Step 3: Break it down to specific measurable objectives
Help your child to avoid the new-year resolution syndrome. People put in place such amazing goals and never fulfill them because they give up a few weeks or months into the year. It can be so hard to reach goals that often feel huge because it’s hard to know where to begin. Teach your daughter to break her goals into smaller, specific, manageable and measurable steps.
A good goal should be specific. Children love to generalize when it comes to setting goals – something like what my daughter would say, “I want to be the best professional swimmer.” But what does that mean? How can that be measured? For this, you can ask your daughter to do a little more research on how/what can be measured. The feedback would look something like, “I want to do 100m butterfly at 50 seconds.”
Measurable objective1: Next holiday I will visit XYZ children’s home in Garden Estate. I will ask my parent to write to them to enquire about the available volunteer needs they have.

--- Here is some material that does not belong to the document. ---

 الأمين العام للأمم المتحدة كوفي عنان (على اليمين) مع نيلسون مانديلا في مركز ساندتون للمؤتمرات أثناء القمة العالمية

Measurable objective2: I will join WXY music school to start with guitar lessons. I will talk with my parents to discuss tuition fees, time needed and where I should be in three months time.
Step 4: Monitoring and Evaluation
I know Monitoring & Evaluation (M&E) sounds like an NGO terminology but it’s not. Your greatest contribution to your daughter’s success is pegged on this point – off course it’s based on the fact that you helped her set the right goals. Due to the fallen nature, left on their own children will do whatever pleases the body and soul. As an adult, you know that the body and soul like are earthly comforts. If we were to follow such, there would be no adverse development in the world today. Great impact and success calls for pushing the spirit, soul and body to lengths that are beyond current comfort zones.

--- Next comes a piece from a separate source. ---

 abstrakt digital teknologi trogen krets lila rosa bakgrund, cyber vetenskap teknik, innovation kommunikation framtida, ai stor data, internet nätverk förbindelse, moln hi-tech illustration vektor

Monitoring and Evaluation will help you guide your daughter in identifying what is working and what needs readjusting towards achieving the goals. When you do it on a weekly places, it will provide you with the necessary information needed to shape your daughter’s life’s purpose.
Monitoring goal1: Has your daughter asked for your help to contact XYZ children’s home? Has she researched to understand what the home is about? Has she made plans to create time to volunteer in the upcoming holidays? What else does she need to do to prepare adequately?

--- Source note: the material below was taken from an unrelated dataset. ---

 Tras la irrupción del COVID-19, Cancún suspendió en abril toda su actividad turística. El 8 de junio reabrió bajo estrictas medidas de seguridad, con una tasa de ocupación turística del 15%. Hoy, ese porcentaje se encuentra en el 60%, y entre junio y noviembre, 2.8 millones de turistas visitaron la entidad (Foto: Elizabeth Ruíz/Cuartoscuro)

Monitoring goal2: Has your daughter checked out WXY music school? Does she understand time commitment needed? How will she contribute to her success there?
These are just examples of how you should help your daughter achieve success. Remember to celebrate small wins and milestones with her. For instance, when XYZ children’s home respond to her with volunteer opportunities, that’s a win. When WXY music school sends her communication with the tuition fees, that’s a win. The journey (process) to her achieving her goals is as important as the actual achievement.
I know we say ‘fix your eyes on the price’ but I say, in as much as that is important, the process is far much superior. There is so much you can teach her during the process that she can apply in other areas of life.
Over to you! Your daughter is counting on you.